Pictures in the listing do not belong in the copy, which should repeat exactly the lines from the one holding "Attlee設計師-創意無痕壁貼.單人床頭板/床架 壁貼HDWS-10" through the last line.

* _DATA SEGMENT_
■ ■ ■ ■ ■ ■ ■
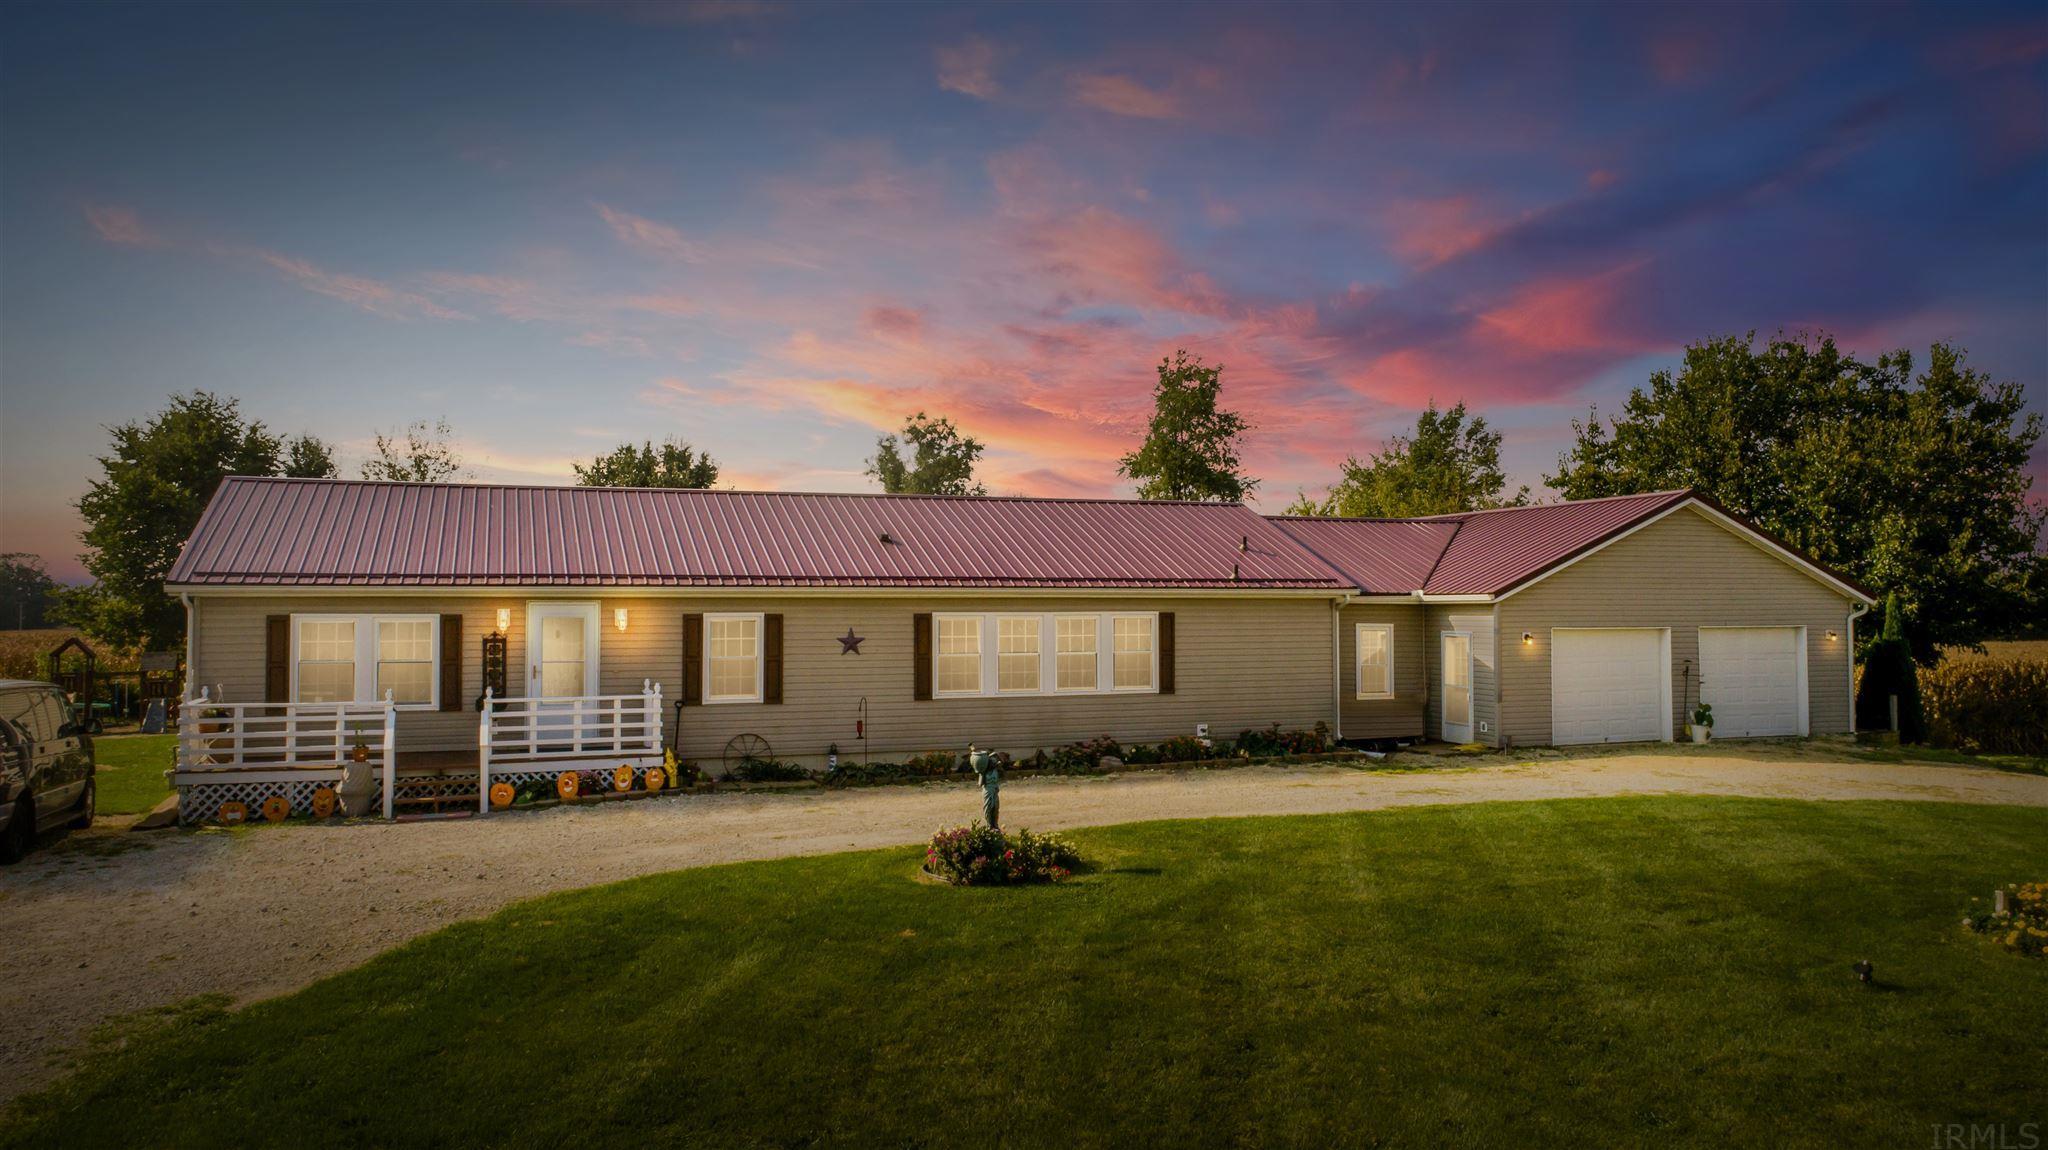 2960 E 450, LaGrange County - Listing 201843093 | Mike Thomas ...
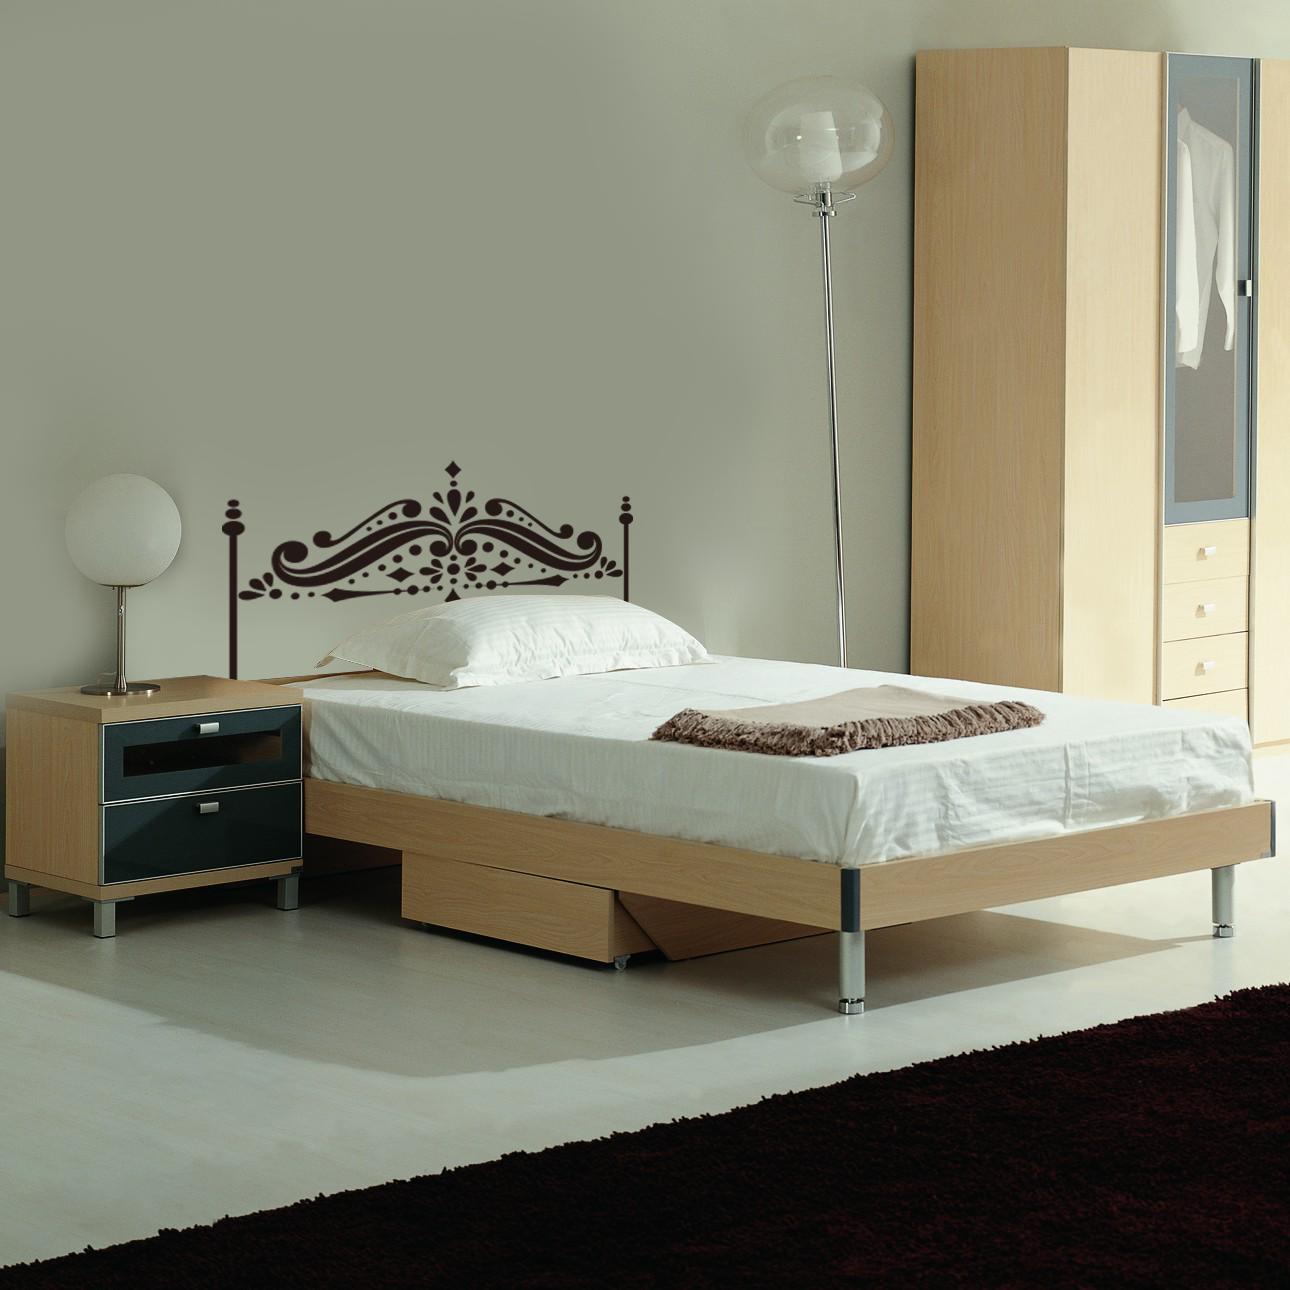 Attlee設計師-創意無痕壁貼.單人床頭板/床架 壁貼HDWS-10
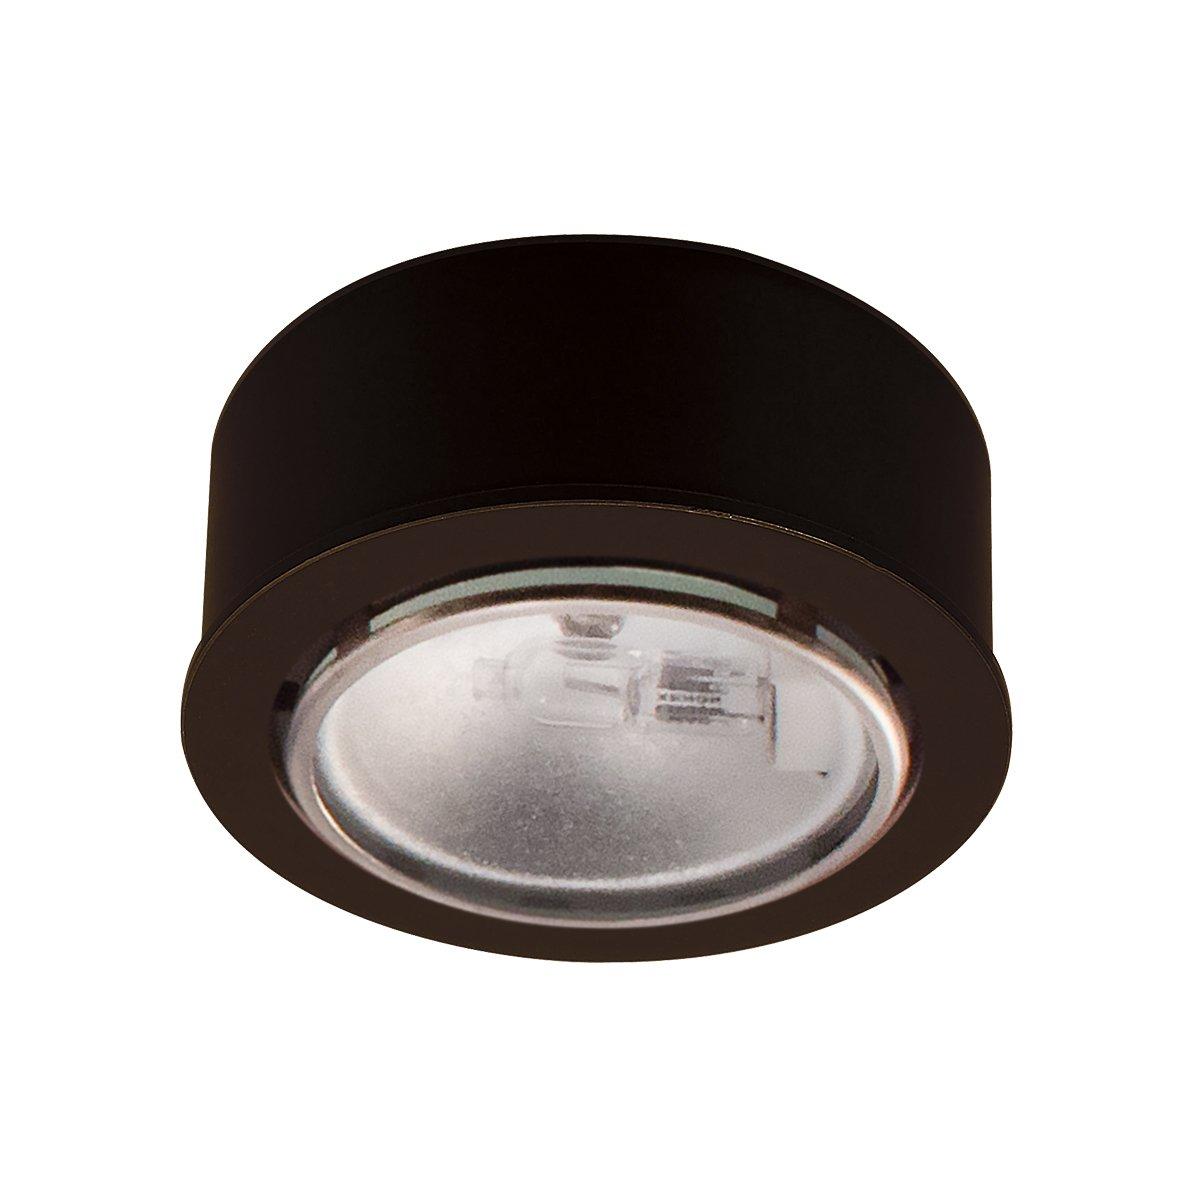 WAC Lighting 低電圧 円形 キセノン ボタン型 照明 HR-88-BK 1 B002951M8I ブラック|ハロゲン ブラック
■ ■ ■ ■ ■ ■ ■
* _SOLUTION_
 Attlee設計師-創意無痕壁貼.單人床頭板/床架 壁貼HDWS-10
 WAC Lighting 低電圧 円形 キセノン ボタン型 照明 HR-88-BK 1 B002951M8I ブラック|ハロゲン ブラック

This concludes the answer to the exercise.